If you get stuck, look for:
- Cases where the same thing is present in multiple places or times
- Positive manifolds of consistently correlated variables
Bonus Exercise: for each of your three examples from the challenge, see if you can say something about one of the questions raised earlier in the post:
- Do people try to intervene on the variables, and if so do these interventions go through the general factor?
- Are there contexts where it seems reasonable to equate the factor with the average of its outputs? Or contexts where that could be misleading?
- Do some of the outputs provide a biased perspective of the underlying general factor value?
- If you've observed a positive manifold and inferred a general factor from this, do we have any knowledge or good guesses about how real the underlying general factor is?
- Are there chaotic interactions that can be approximated and simplified by understanding the underlying general factor?
You can pick and choose which question you want to answer for each of the examples you provide.
Thanks to Justis Mills for proofreading and feedback.
Further, many effects of aging will decrease your agency, which also adds up to make aging one of the most important determinants of agency.
I do not have a formal definition of relatedness; it is somewhat a matter of judgement. But I guess one example that can be said is, sometimes you "place" the factor in some physical location in the world; for instance, both aging and the g factor gets placed in an individual person. You'd then expect the outputs arrive from the same location as where you placed it.

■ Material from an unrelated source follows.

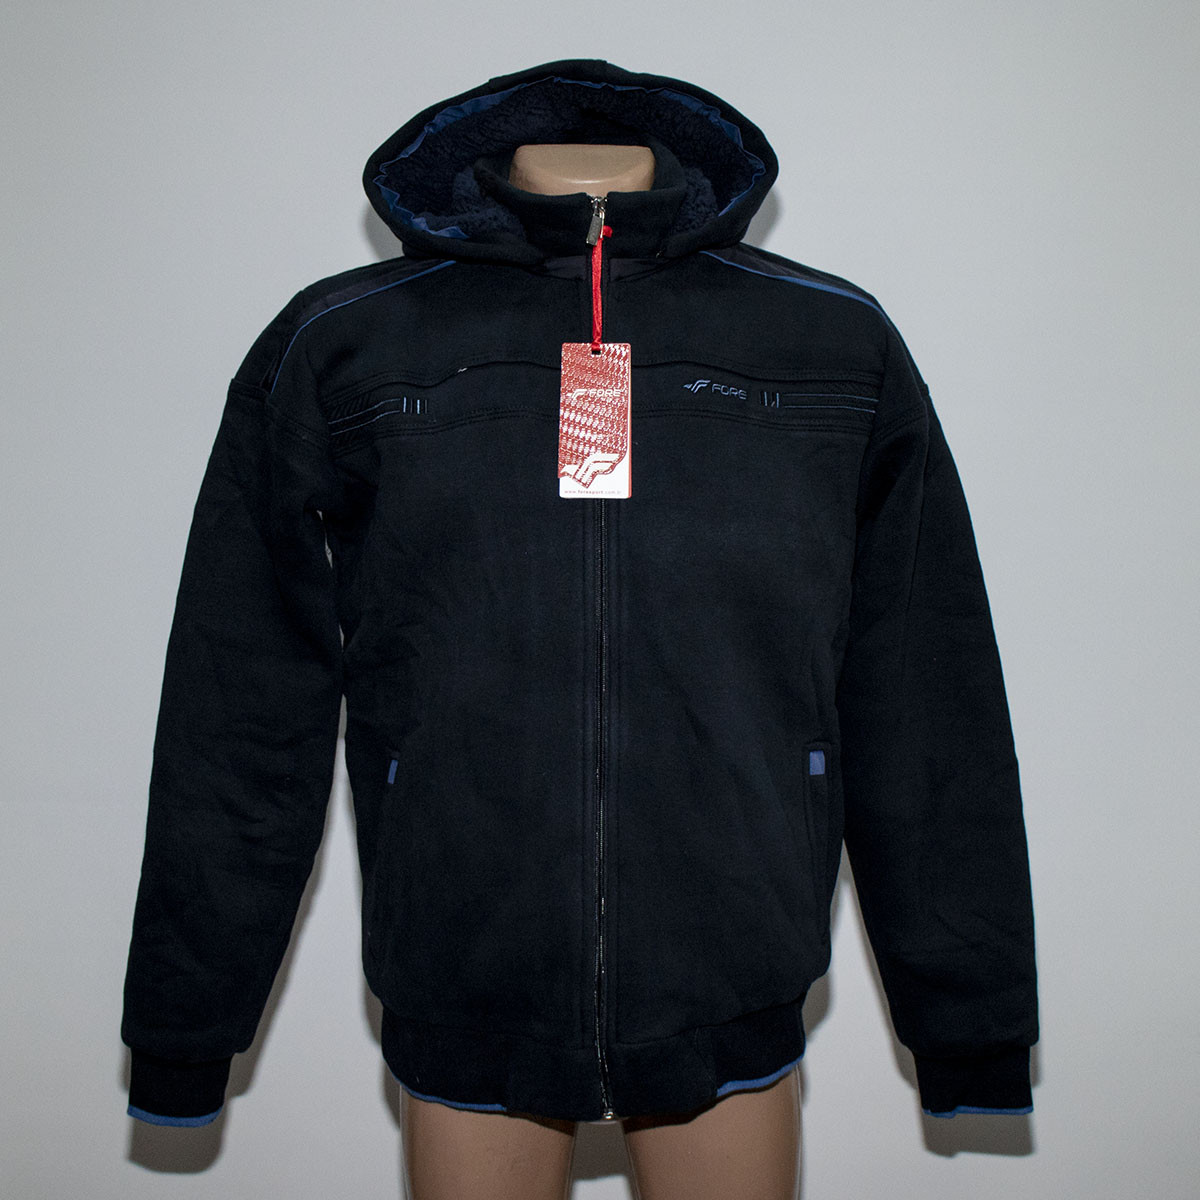 Теплая мужская куртка трехнитка на овчинке пр-во Турция т.м. Fore 5342

A common critique here is that such a pattern of correlations could also be driven by mutual interactions; e.g. heat dissipates throughout objects, making the temperature of one part of an object correlated with temperatures of other parts. This is sometimes an important point, but often there will be various things that make the system act as a general factor.
In some settings, it can also be useful to ask how the visible outputs you choose skew your perception of the factor. If there are certain groups where the outputs you look at act differently, then these groups might confuse you about their general factor. For instance in the case of aging, many people hide visible symptoms of aging to look more attractive. In psychometrics, there is a set of properties called "measurement invariance" which are designed to test for these exact problems.

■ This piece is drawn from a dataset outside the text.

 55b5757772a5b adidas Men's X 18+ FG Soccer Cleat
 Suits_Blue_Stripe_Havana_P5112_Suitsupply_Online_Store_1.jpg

In the case of aging, John Wentworth's overview points to a small core of aging, mainly related to reactive oxygen species.
For instance, with cognitive abilities, some people propose that being good at one thing provides a foundation, which gives one the resources and knowledge to transfer abilities to other abilities, e.g. via analogy. Well, maybe (as I understand, this notion is not well supported by research, but I am not an expert), but there are innate individual differences in e.g. ability to make analogies, which would become a common root cause driving these mutual interactions.

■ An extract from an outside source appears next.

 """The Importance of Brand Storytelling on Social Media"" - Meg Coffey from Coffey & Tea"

You can think of this as separation of scale being well-approximated by the large-scale influencing the small-scale. E.g. consider the temperature of different pieces of an object standing outside. The different pieces are mutually interacting, with heat dissipating around. However, mostly, the temperature is determined by the heat impacted by the sun, either by directly shining light on the object, or by heating up the overall surroundings.
One important context where this may fail is with long-tailed distributions or nonlinear interactions. Here, individual parts of a network can have strong effects in ways that are tightly related to the network shape.